If an investor does not understand the financials, they should not invest simply because of a higher yield, as higher interest rates come with higher perceived risks. It is simply another mechanism to build a fully functioning bond market. Investors just need a degree of financial literacy when dealing with secured or unsecured bonds to avoid scams.

– Regarding the ‘Regulatory Sandbox’ becoming permanent: what specific instruments do you expect to see there first? And how will the ability to trade international securities locally change the behavior of Uzbek investors?”

– I believe the government is trying to mirror Kazakhstan by offering depository receipts for these types of companies. The problem is that while everyone in developing countries wants to own shares in Netflix, Amazon, Google, Microsoft and Tesla, these are not necessarily the best companies to own.

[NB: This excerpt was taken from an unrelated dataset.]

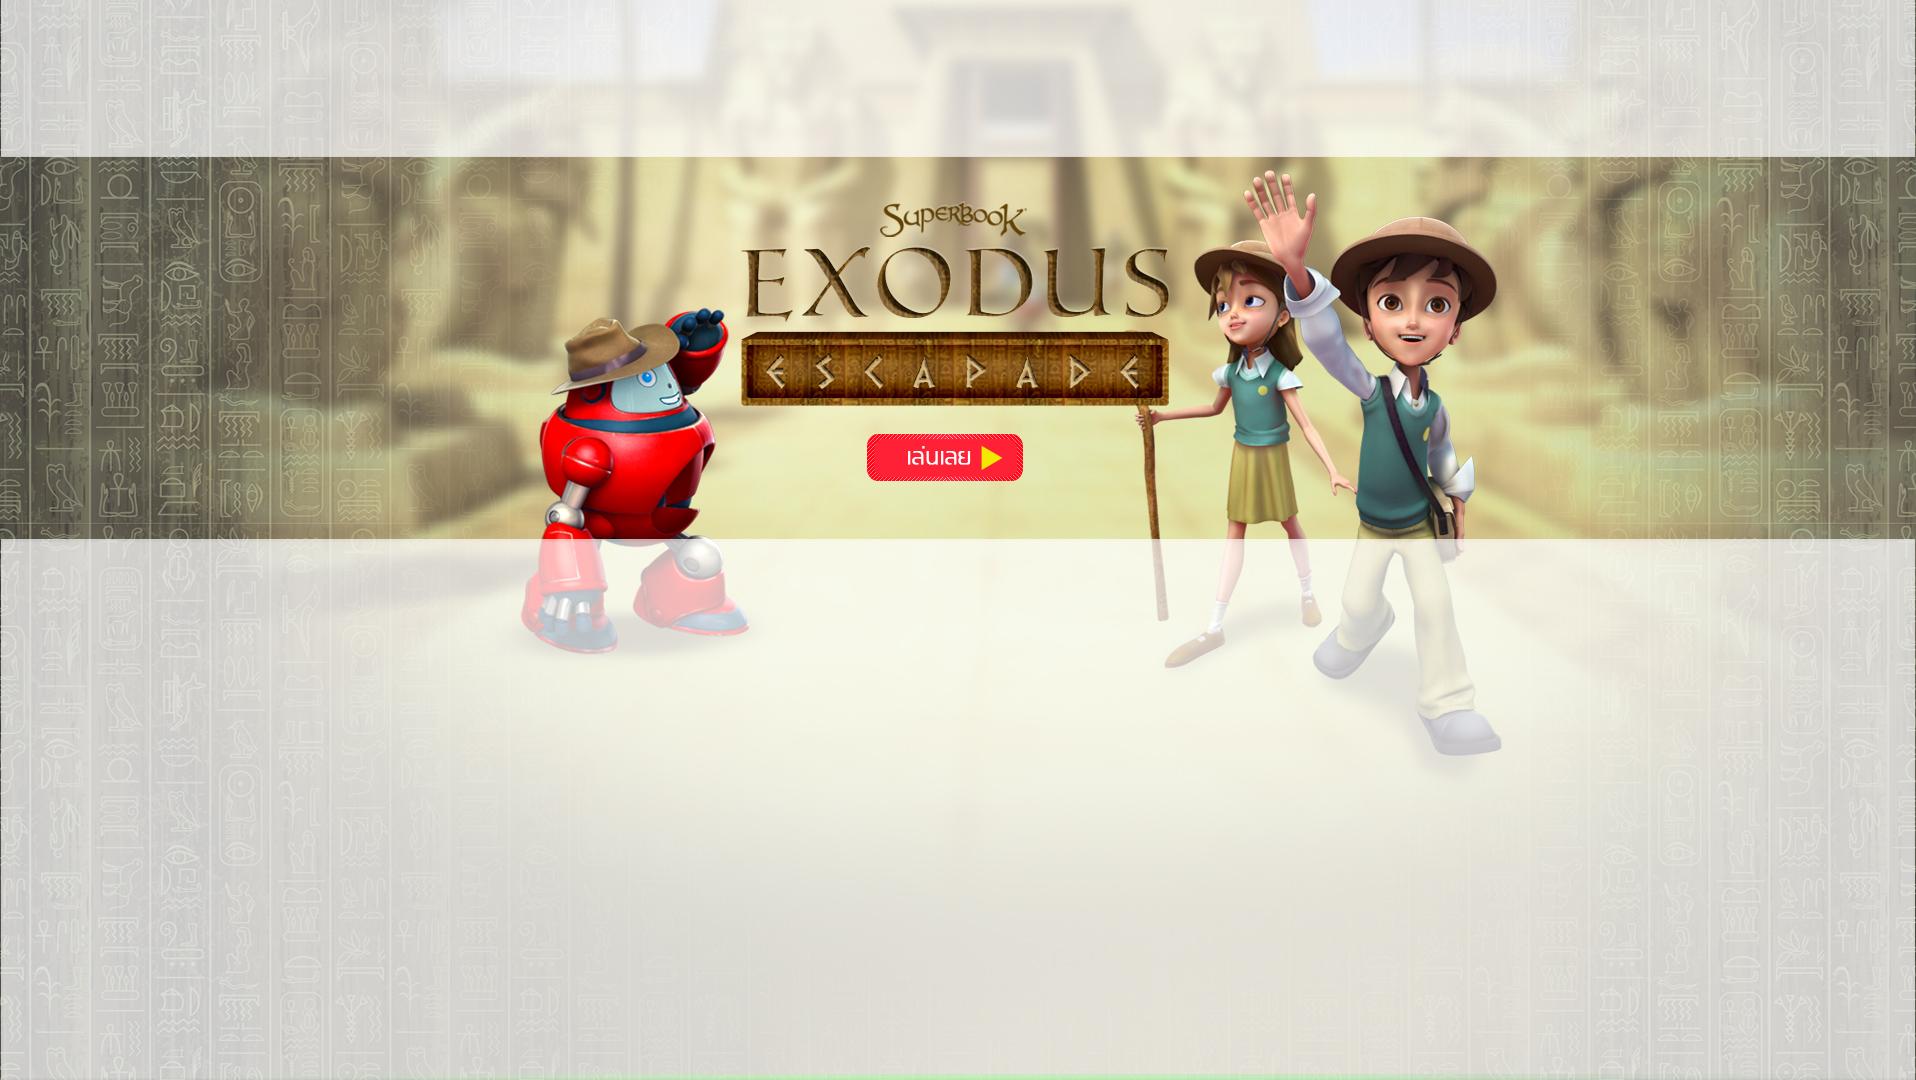 <h2>Exodus Escapade</h2>

Buying something just because it has gone up over the past ten years is not a sound investment strategy, and many of these tech companies are currently overpriced.

I would actually prefer to see a broader range of foreign companies listed. Focusing solely on the tech sector because it is popular could lead to a misallocation of capital. However, because there is such strong global demand to invest in American tech businesses, local investors will certainly buy them.

– If you had to pick just one provision from Decree No. 254, which one do you consider the biggest ‘breakthrough’ that will yield the most impact by 2030?”

– The permanence of the sandbox is a massive deal because it finally allows foreign brokers and custodians to enter the market. To stimulate private sector growth and create jobs, companies need a cheaper form of financing than the extreme interest rates currently offered by local banks. This cheaper financing needs to come from the capital markets through stocks and bonds.

Currently, there is a huge amount of foreign capital waiting to enter the market, but the lack of an easy entry method and attractive stock or bond offerings has kept it away. The sandbox resolves this chicken-and-egg situation by making it easier for foreign investors to open brokerage accounts.

This provision alone will drive a flow of capital that could easily make the Uzbek capital markets the largest in all of Central Asia, supplanting Kazakhstan, well before 2030.